ジョージア工科大学の研究チームは、1400℃超の高温で動作可能なセラミックポンプの開発に成功したと発表した。溶融スズなど高温の液状物質をポンプを使って移動させることができる。自然エネルギーを熱の形で保存する大型蓄熱設備などへの応用が考えられている。研究論文は、科学誌「Nature」に掲載された。

1400℃超で液体化した溶融スズ。こうした高温液体を扱えるセラミックポンプの作製に成功した(出所:ジョージア工科大学)

エネルギーを熱の形で蓄え、必要に応じて電気エネルギーに変えて取り出す蓄熱設備は、太陽熱発電などですでに実用化されている。昼間に得た太陽熱を蓄熱し、夜間の発電にも利用可能にするというもので、蓄熱材として現状では溶融塩などが使われている。

溶融塩の場合、低温状態で300℃近くという温度に設定し、これを太陽熱で加熱して500℃台の高温状態に保ち、蒸気タービンによる発電に利用するといった使い方がされている。タービンを回すために使われた後の溶融塩は低温状態に戻る。熱力学的には、蒸気発生器で吸収される熱量と復水器で排出される熱量との差が大きければ大きいほどタービンの効率は高くなるから、蓄熱材として溶融塩よりも高温の物質を使うことができれば、より高効率で熱を電気エネルギーに変換できることになる。

しかし一般的に言って、高温の物質は扱いが難しい。溶融金属のような高温液体を扱えるポンプなどの機械装置を作ることが困難なため、溶融塩の温度を超える高温蓄熱設備は実現していなかった。

研究チームは今回、耐熱性の高いセラミック材料を用いてポンプを作製した。セラミックは耐熱性に優れるものの壊れやすいため通常、機械部品には適していないとされているが、今回のセラミックポンプでは、機構が単純で比較的低速で動作させることができる外部歯車式のポンプ機構を採用し、歯車にセラミック材料を用いることに成功した。

ポンプ、パイプ、継ぎ手などの密閉材に通常使われる高分子材料は高温に耐えられないため、密閉材としてグラファイトが使用されているのも今回のポンプの特徴である。グラファイトが高温で酸化することを防ぐため、ポンプの動作環境は窒素雰囲気にしている。

試作したポンプは、1473Kの高温条件のもと、毎分数百回の回転数で72時間の連続動作が確認されている。短時間動作では1773Kとより高温での稼動も可能であったという。

セラミック製歯車には「シェイパル(Shapal)」と呼ばれる窒化アルミニウム(AlN)材料が用いられている。

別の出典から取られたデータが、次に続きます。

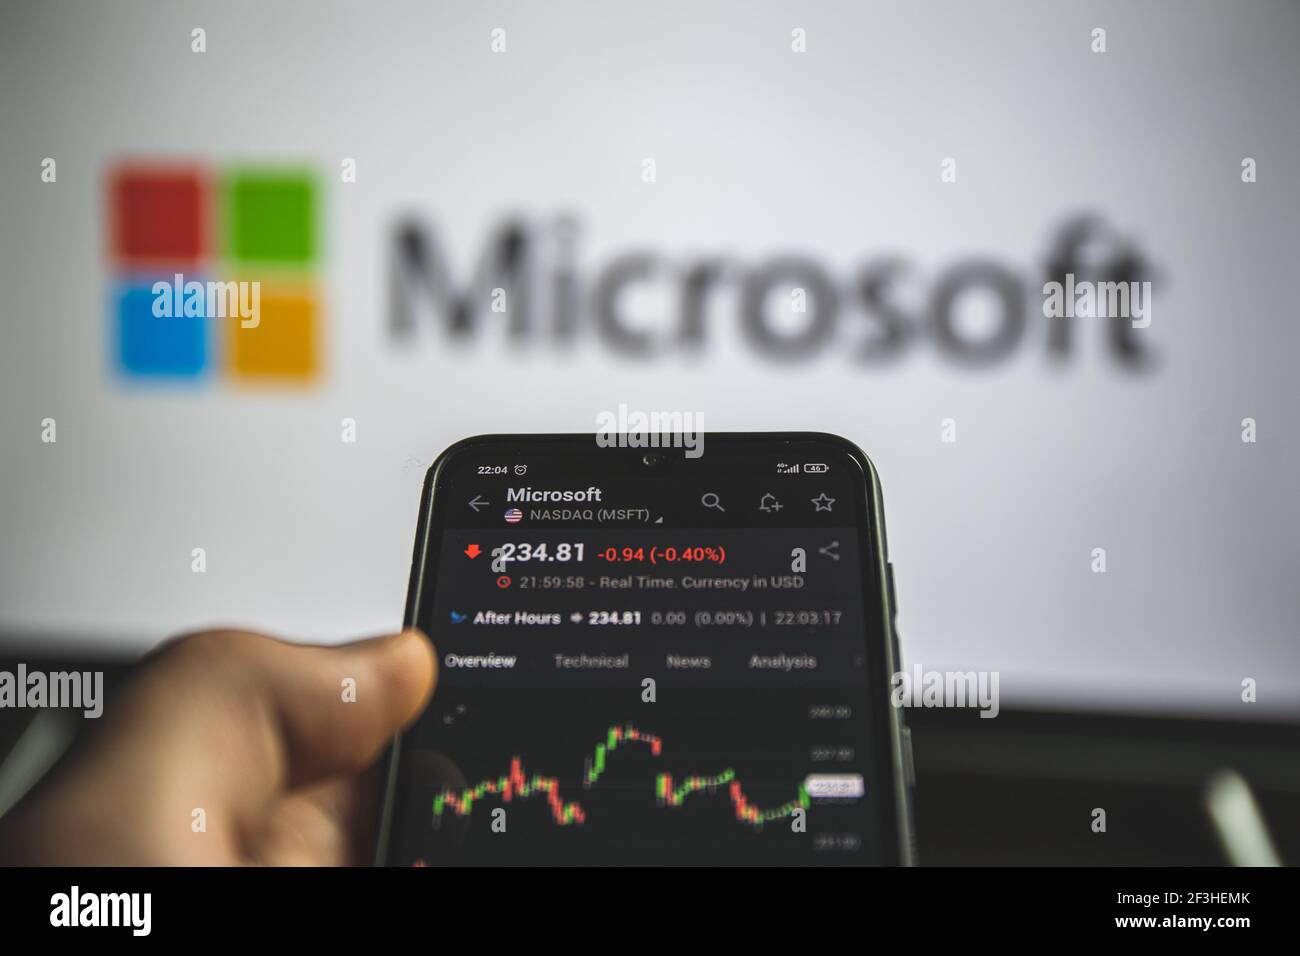 Holding mobile phone with stock market charts of Microsoft company shares Stock Photo

これはセラミックの中では比較的柔らかく加工しやすい材料であるため、ポンプが動作を続けるうちに磨耗していくという問題がある。この問題については、より硬質のセラミックを使うことで解決できるとしており、研究チームはすでにシリコンカーバイド(SiC)を使ったポンプの開発にとりかかっているという。

今回試作されたセラミックポンプで使われている歯車は直径36mmと小さなサイズだが、商用に使える大規模な装置を作る場合にも、部品サイズを劇的に大きくする必要はないという。ポンプのサイズを試作品の4~5倍にして最高速度近くで稼動させれば、移動できる熱量を1000倍程度にでき、10kW~100MWといった出力が実現できるため、発電設備での実用化も可能であると考えられている。

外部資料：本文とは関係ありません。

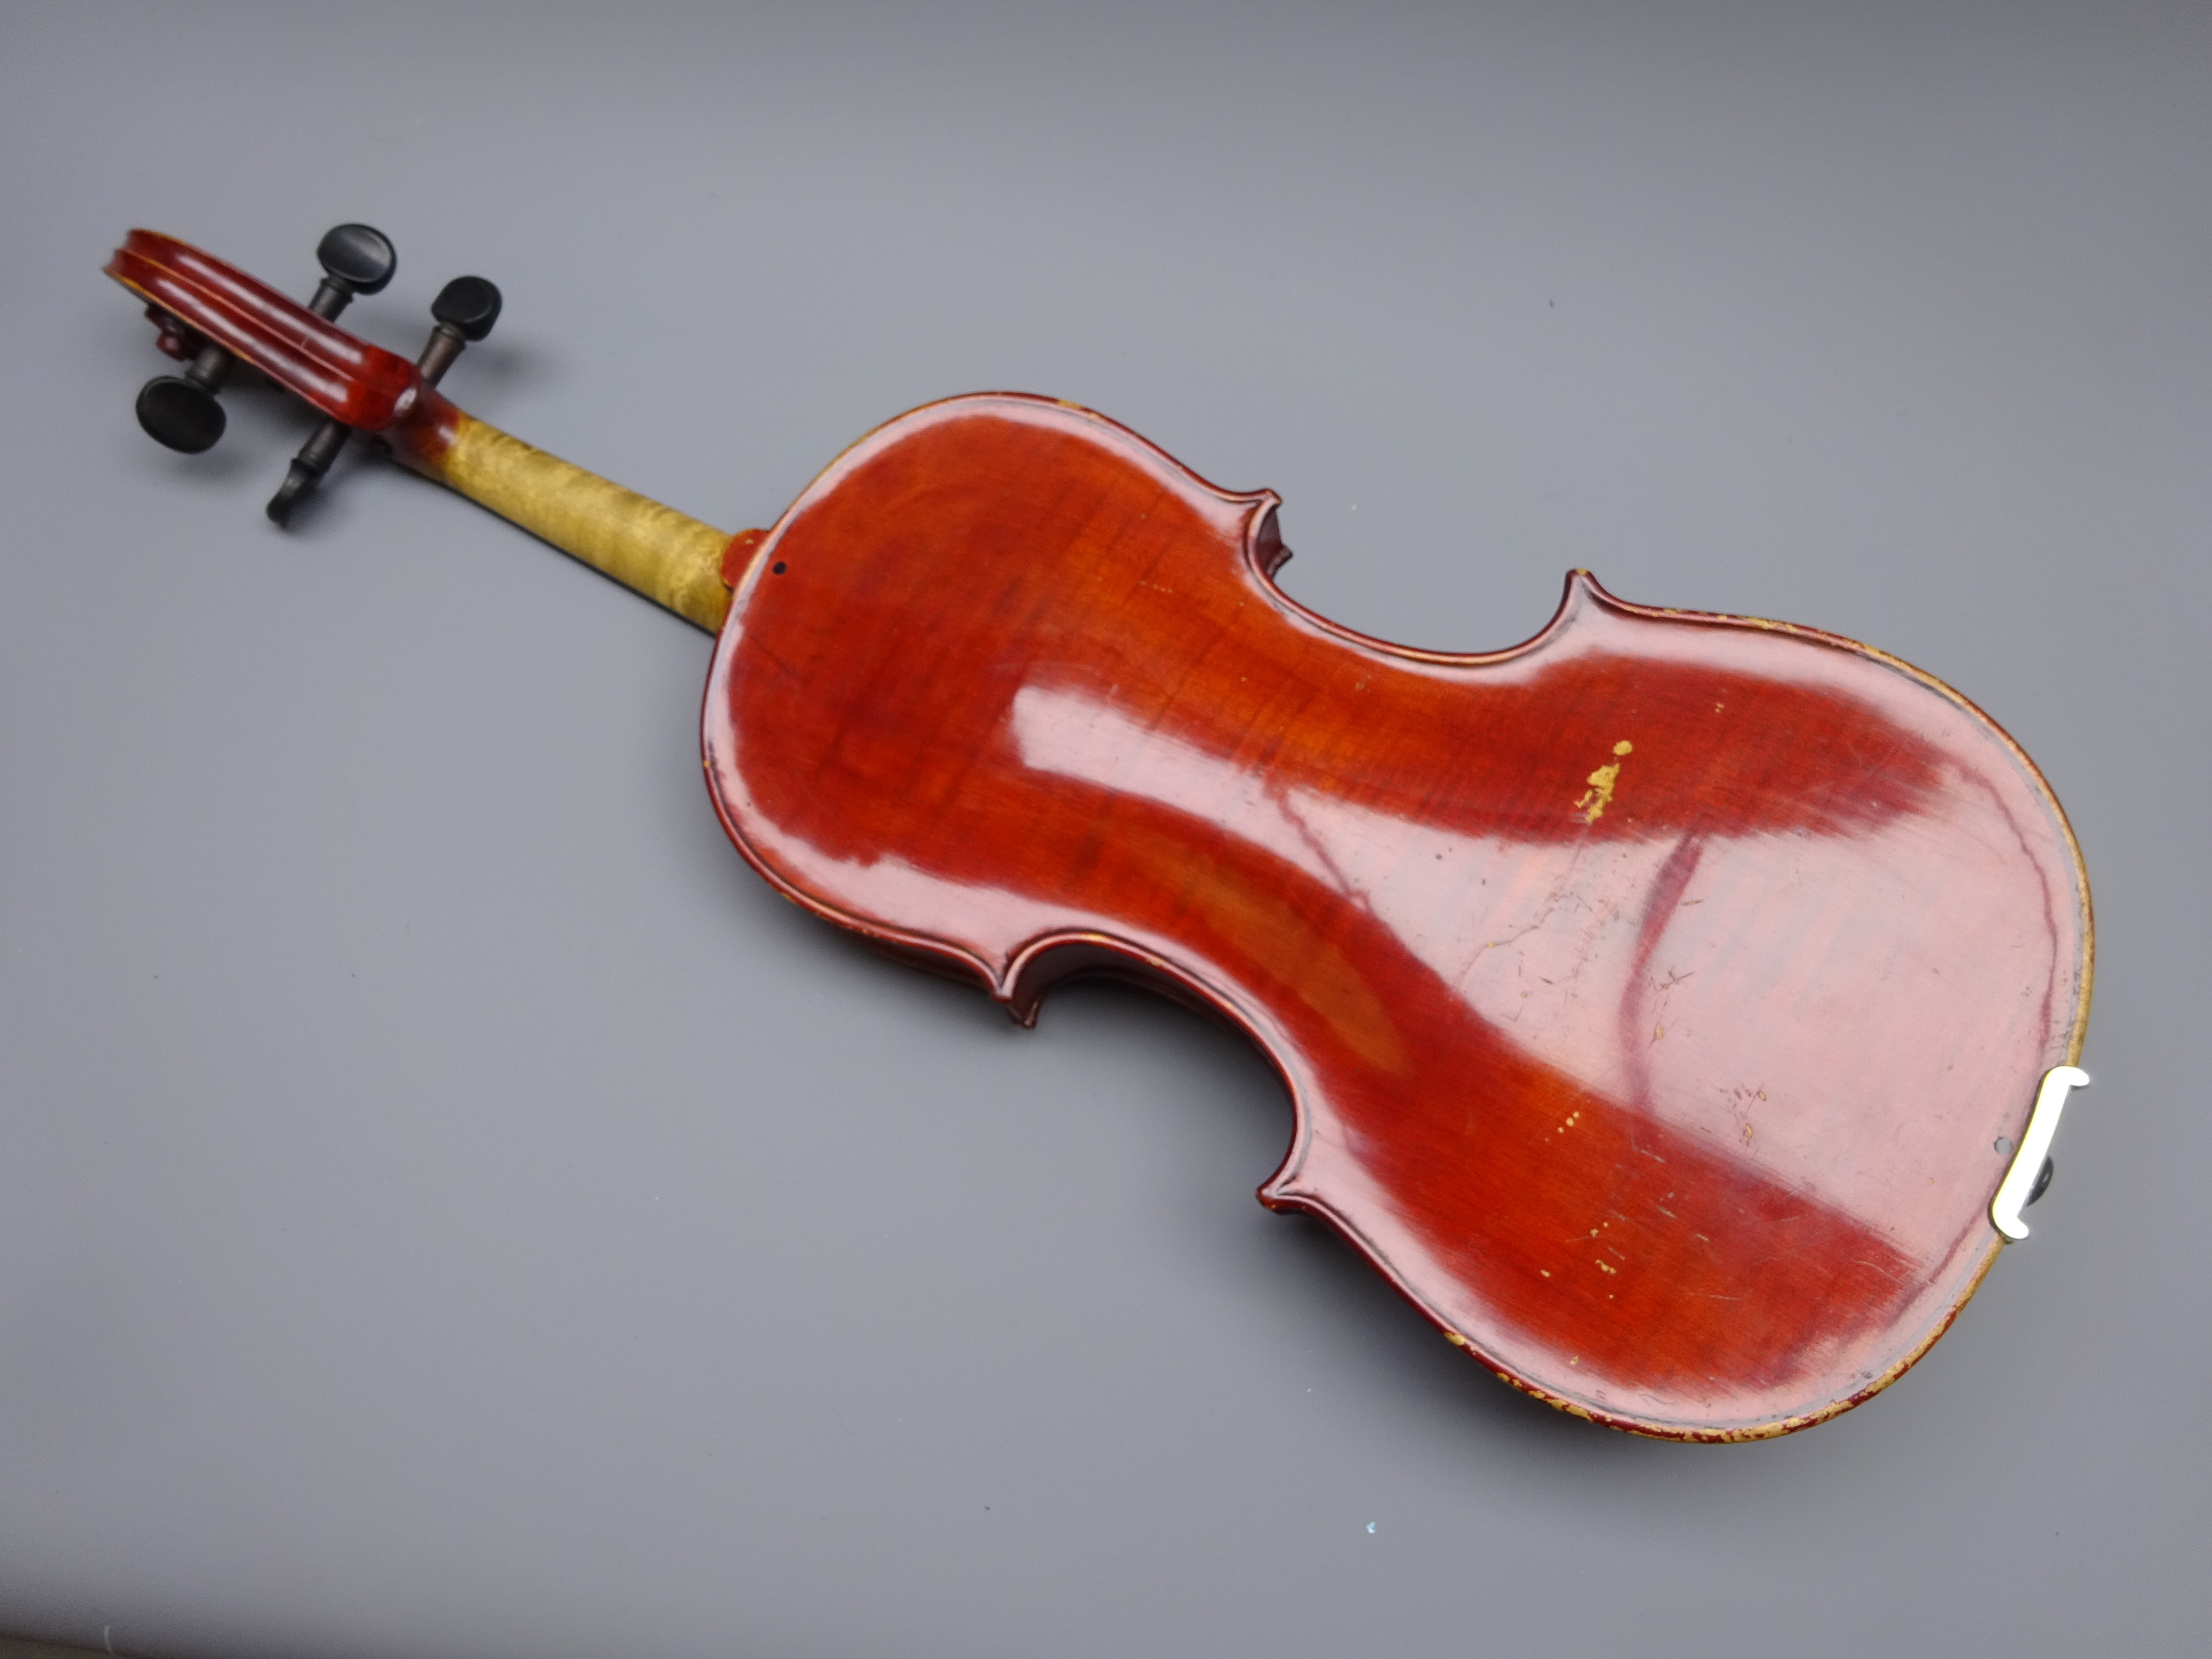 Early 20th century violin, French or German, with 36cm one-piece maple back and ribs and spruce top, - Image 9 of 9

太陽熱発電所での蓄熱材としては、低コスト性から溶融シリコンの利用が有望視されている。溶融シリコンを扱う場合、ポンプの動作温度は2000℃超とさらに高温になるという。

その他の応用分野として、メタンを原料とする水素燃料生成なども挙げられている。撹拌したメタンを高温の溶融スズの中に導入することで、メタンの分子が分解され、水素と固体の炭素を生成できる。これにより、二酸化炭素を発生させずに水素燃料を得ることができるが、この装置の部品としても今回のポンプが使えるという。